Erling Krogh (September 12, 1888 – October 28, 1968) was a Norwegian operatic tenor.

==Biography==
Krogh was born in Kristiania (now Oslo). He attended the Oslo Cathedral School until 1905, and then studied at the Royal Academy of Arts and Crafts from 1905 to 1909. During that time, from 1905 and until 1915, he worked as a goldsmith. While he was studying, he sang with Ellen Schytte-Jacobsen. In 1915 he traveled to Copenhagen and Paris to study under Peter Cornelius. Later he also studied with Jean de Reszke in Nice in 1921.

He has his debut as a tenor in 1915, and starting in 1918 he was engaged with the Opera Comique for three years. He then headed the Norwegian Opera Society from 1922 to 1923, after which he established his own opera society, which he headed for a year. Following this, he traveled extensively, performing as a soloist at the Nordic Music Festival in Helsinki in 1932, in Oslo in 1936, and in Copenhagen in 1938. After 1936 he also worked as a voice instructor in Oslo. He also toured in the United States.

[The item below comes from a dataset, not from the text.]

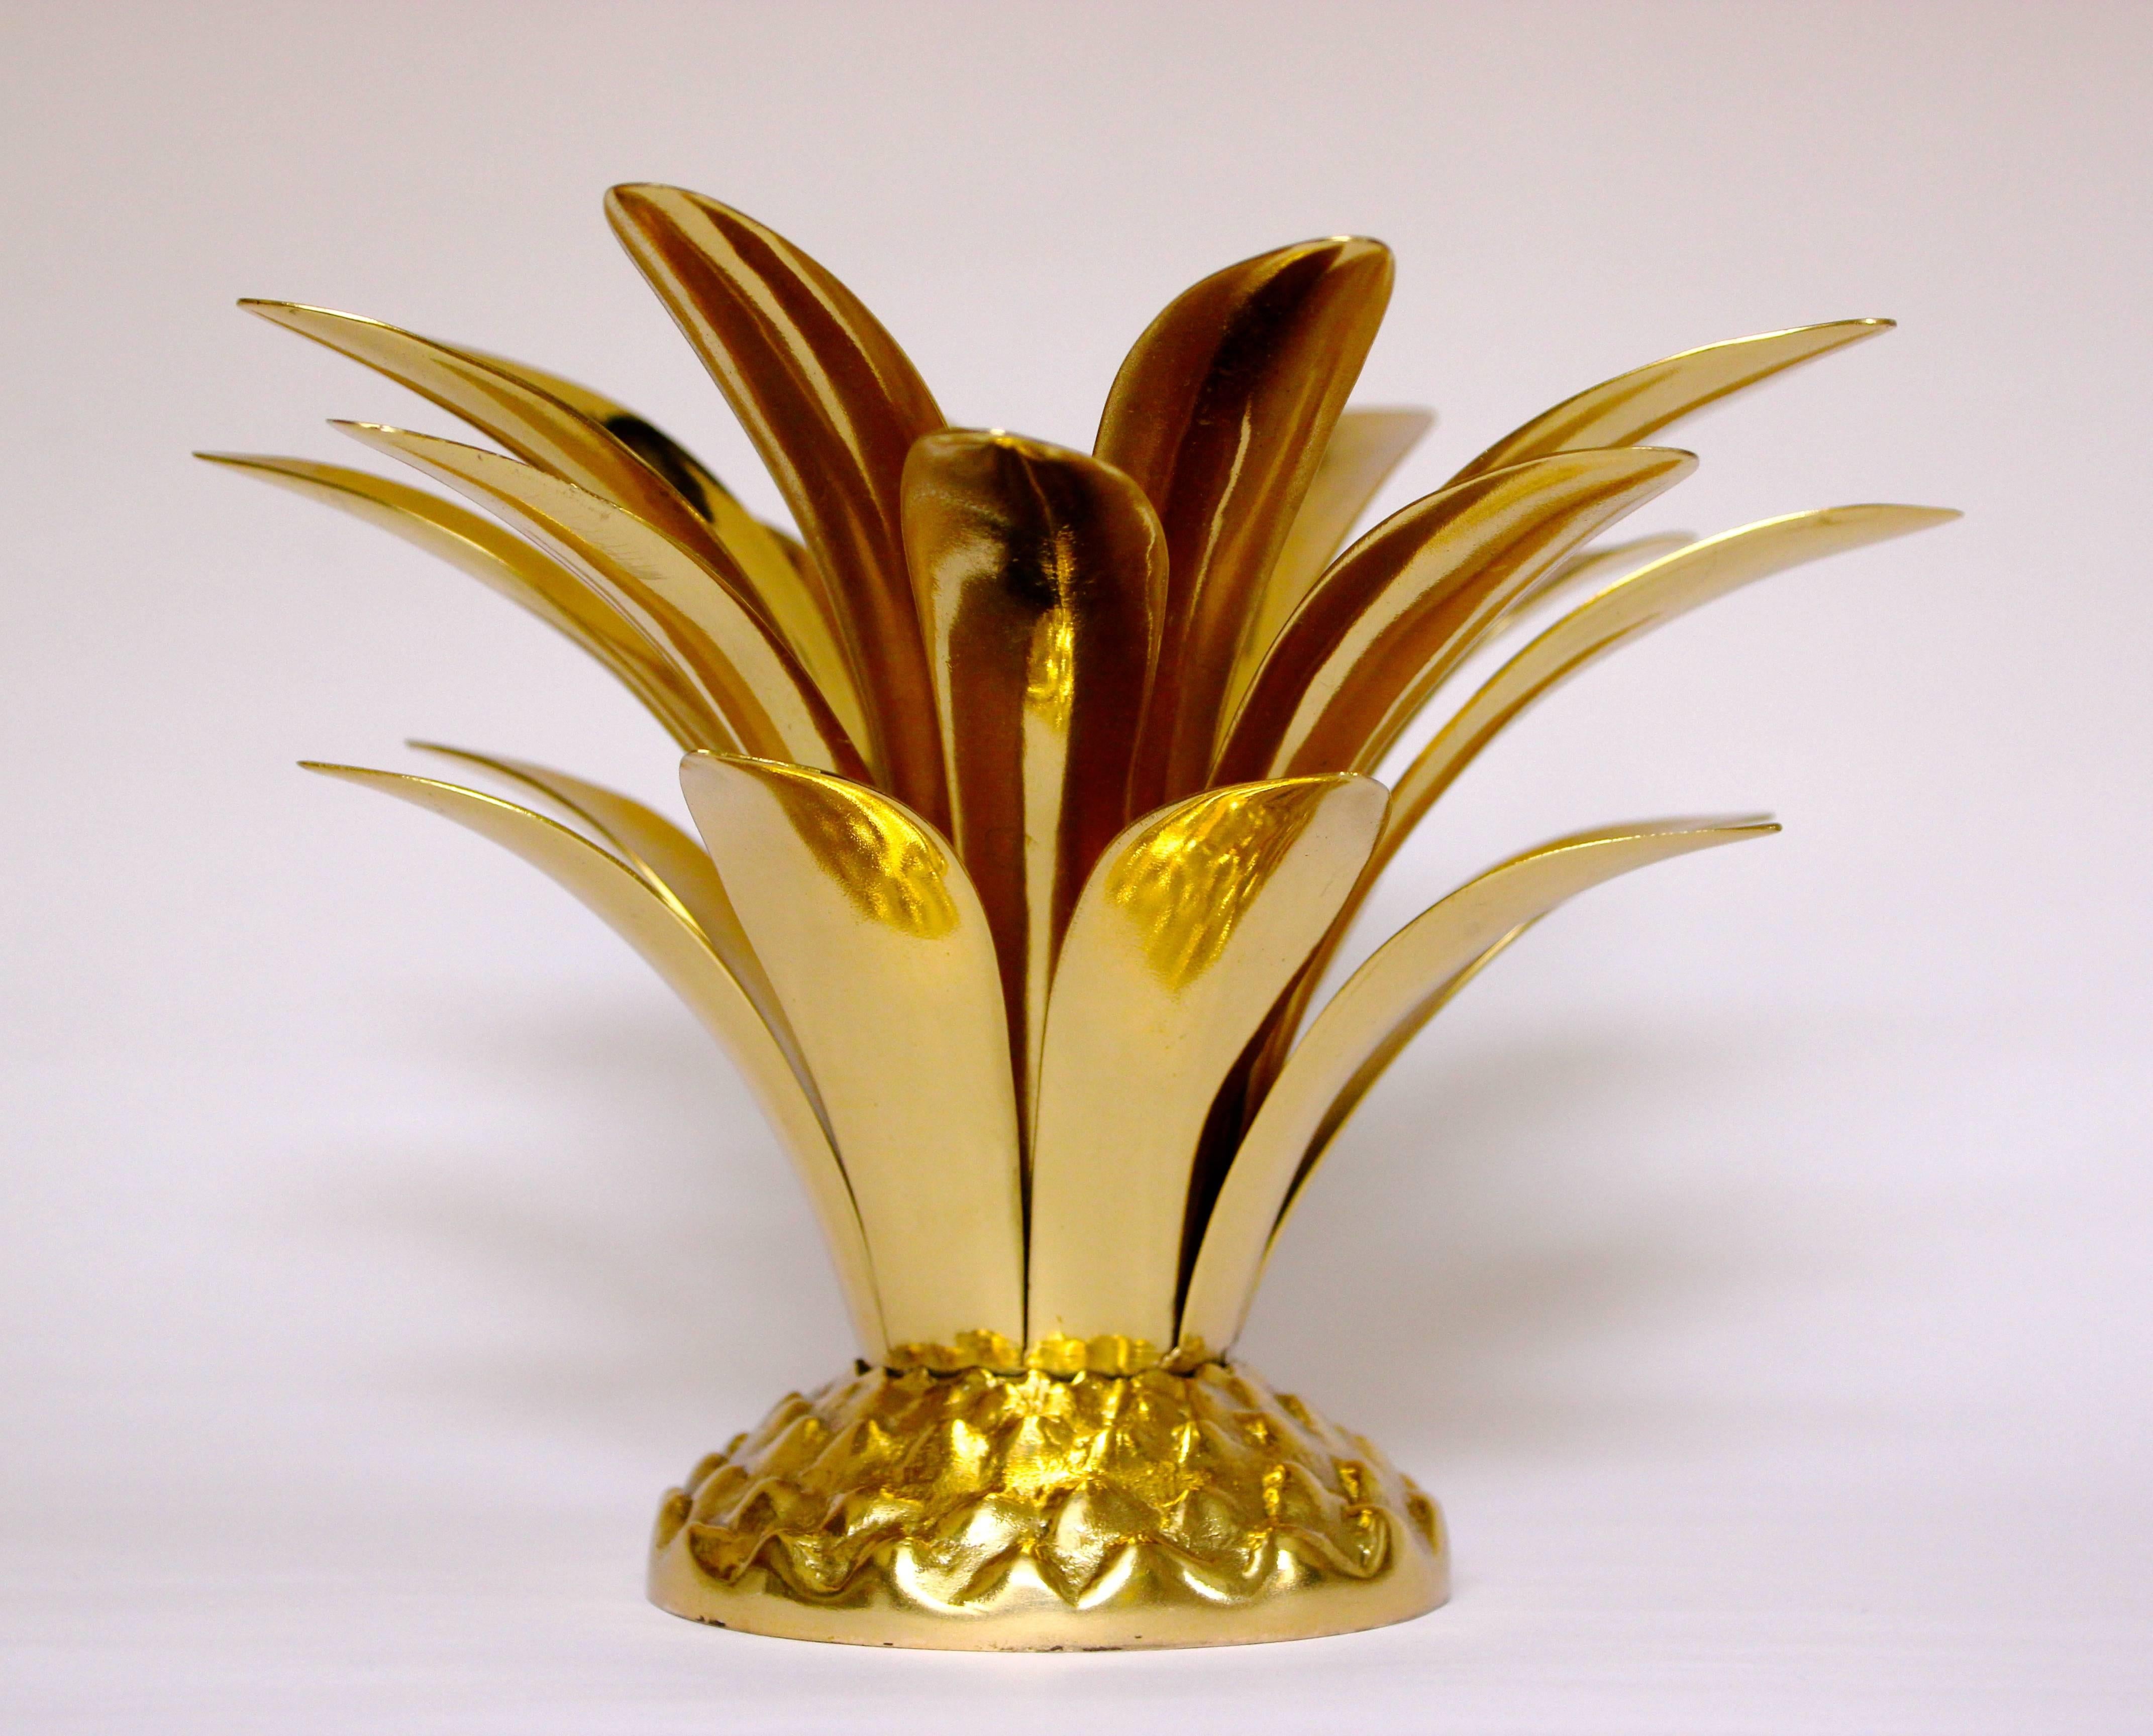 Charming handmade cast brass candleholder pineapple inspired combining textured and polished finishes.

Handmade individually. Cast using very traditional techniques, those original candleholders are polished revealing the lustrous finish of this

From the first recording that he produced in 1916, his career as a recording artist lasted for 40 years. He had a versatile repertoire that included classical music, working songs, and Christmas songs. At the end of his career he also held numerous church concerts.

He died in Oslo.

==Roles==
In the course of his career, Krogh performed in over 30 operas and operettas. His favorite composer was Richard Wagner, but he also sang in operas by other composers. He was a guest performer at the Berlin State Opera, the Royal Danish Theater in Copenhagen, and the Royal Swedish Opera in Stockholm. His most important roles included the following:
- Eleazar in Fromental Halévy's The Jewess
- Canio in Ruggero Leoncavallo's Pagliacci
- Samson in Camille Saint-Saëns's Samson and Delilah
- Title role in Richard Wagner's Lohengrin
- Title role in Richard Wagner's Tannhäuser
- Title role in Giuseppe Verdi's Othello
- Don José in Georges Bizet's Carmen

His concert tours took him to Norway, Sweden, Denmark, Iceland, Germany, France, Spain, and the United States. He also played a role in the Norwegian silent film Madame besøker Oslo (Madame Visits Oslo, 1927) and often sang for screenings of silent films in Oslo.

==Awards and legacy==
In 1960, Krogh received the King's Medal of Merit in gold. He became an honorary member of the Oslo Craftsmen's Singing Society in 1957, and in 1963 he was awarded a permanent national grant for deserving artists. The Erling Krogh Singers Grant is named after him and is awarded by the Norwegian National Opera and Ballet.